State and local governments generally have been slow to reap all the potential benefits of prudent public-private partnerships. Part of the reason is political: Heavily unionized workforces pose a serious obstacle to contracting out services governments deliver. But labor isn't the only hurdle governments face when trying to negotiate with the private sector: Cities and states too often are already in dire straits before embracing the PPP option.
In Cincinnati, which faces a $35 million budget gap next year, controversy is currently raging over a proposal to contract out the management of the city's parking meters and garages. Under the plan, the city would lease its parking assets to the Port of Cincinnati Development Authority, which would partner with four private companies to operate the meters for 30 years and the garages for 50 years.
Cincinnati would get a $92 million upfront payment and annual installments estimated at $3 million. Part of the upfront money would be used to address next year's deficit, but most would go to develop a downtown high-rise, a bike trail and a new highway interchange.
The plan is on hold for the time being. After the city council approved it by a 5-4 vote, a Hamilton County judge issued a temporary restraining order to prevent the deal from moving forward. A hearing on the order is scheduled for this Friday.
Parking-lease deals have been controversial since 2008, when Chicago received an upfront payment of $1.15 billion to lease 36,000 city parking meters for 75 years. Since then, parking rates have skyrocketed and Mayor Rahm Emanuel has criticized the deal made by his predecessor, Richard Daley.
A dispute over lost revenue from street closings during city events and free parking for the handicapped has landed the city and its parking contractor in arbitration. New York City, Los Angeles and Pittsburgh recently scrapped plans to pursue similar lease deals.
Cincinnati Mayor Mark Mallory's administration says it has learned from Chicago's mistakes. Neighborhood parking rates would immediately go up by 75 cents, but the city would get technology upgrades including software to help drivers find empty parking spaces and allow them to use their smartphones to add time to meters. After the upgrades are in place, downtown would see rate increases of 25 cents every three years, and neighborhood rates would increase by the same amount every six years.
But the fine print includes language that allows the pricing cap to be bypassed by a unanimous vote from a five-person advisory committee and the approval of both the city manager and the Port Authority, both of whom would appoint the advisory committee's members.

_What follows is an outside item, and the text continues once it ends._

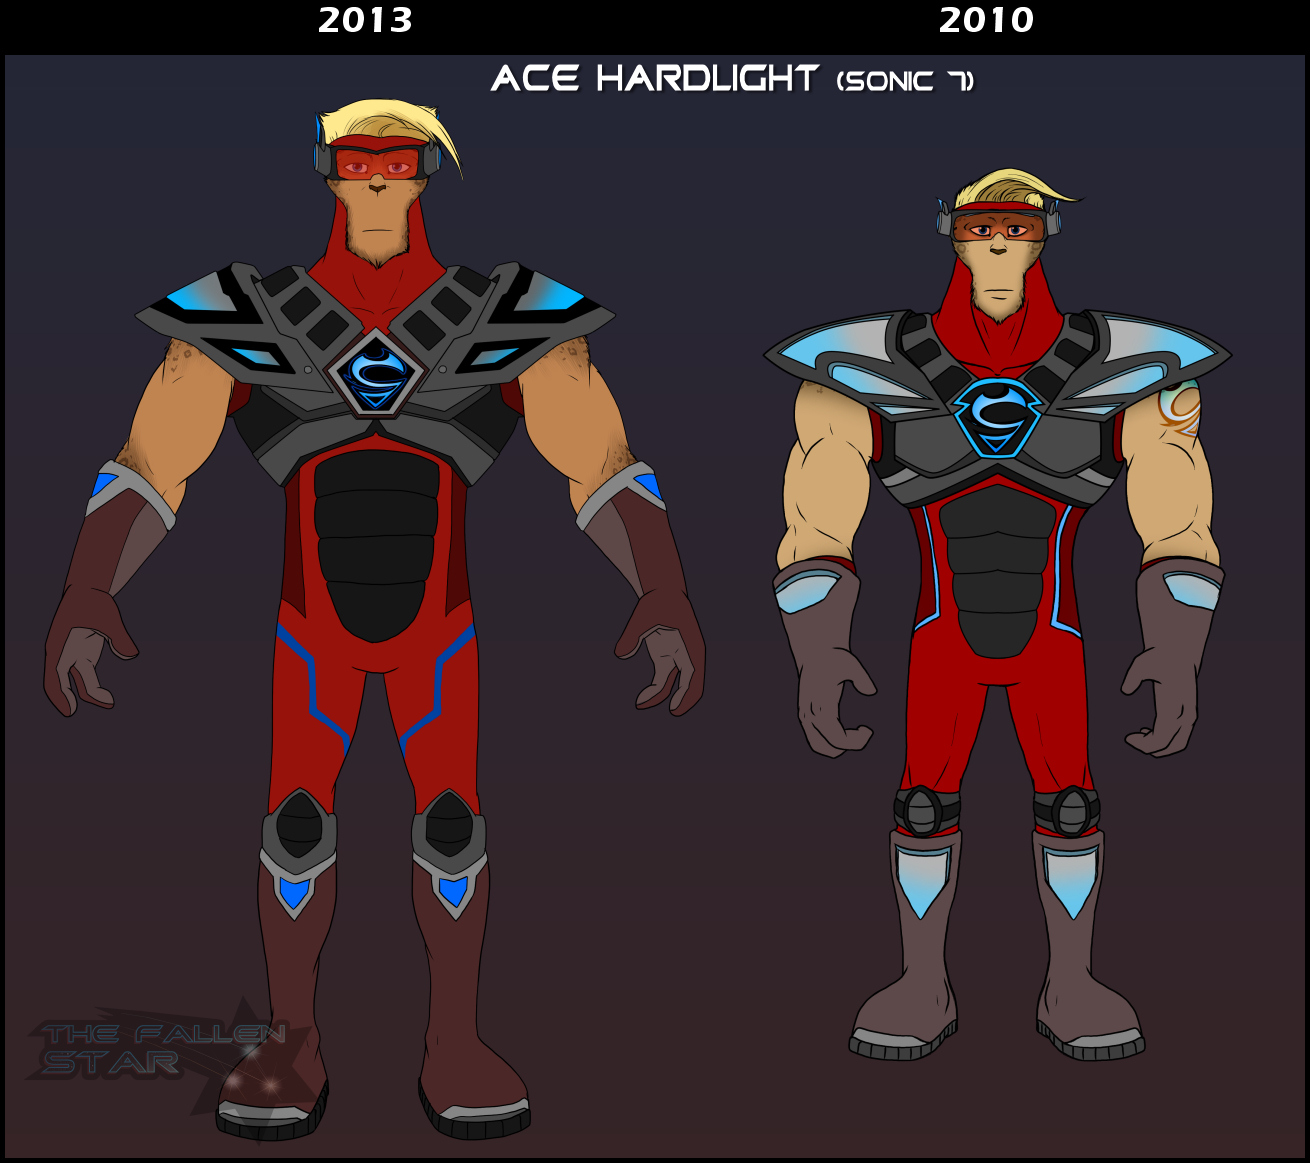 Front drawing comparisons - Ace Hardlight (Sonic 7)

With the city council deadlocked over the proposal before its narrow vote to approve it, council member Laurie Quivlan asked the $64,000 question: How will Cincinnati deal with future budget deficits? Although the administration's response persuaded Quivlan to vote for the parking plan, it was none too reassuring. The mayor said $25 million of the $92 million payment would be used to address next year's deficit. But that would still leave a $10 million hole--and what about future years?
Another hint that Cincinnati might be desperate to get its hands on the money was the addition of an emergency clause to the ordinance. Although not uncommon, the clause would mean the cash could be in city coffers by late June and prohibit opponents from trying to overturn the lease deal via referendum.
Cincinnati's parking-lease issue once again highlights just how important it is for governments to make fiscal stability a top priority. A city in desperate need of cash is hardly well positioned to negotiate the best public-private-partnership deal. Sadly, governments that aren't desperate don't pursue them often enough.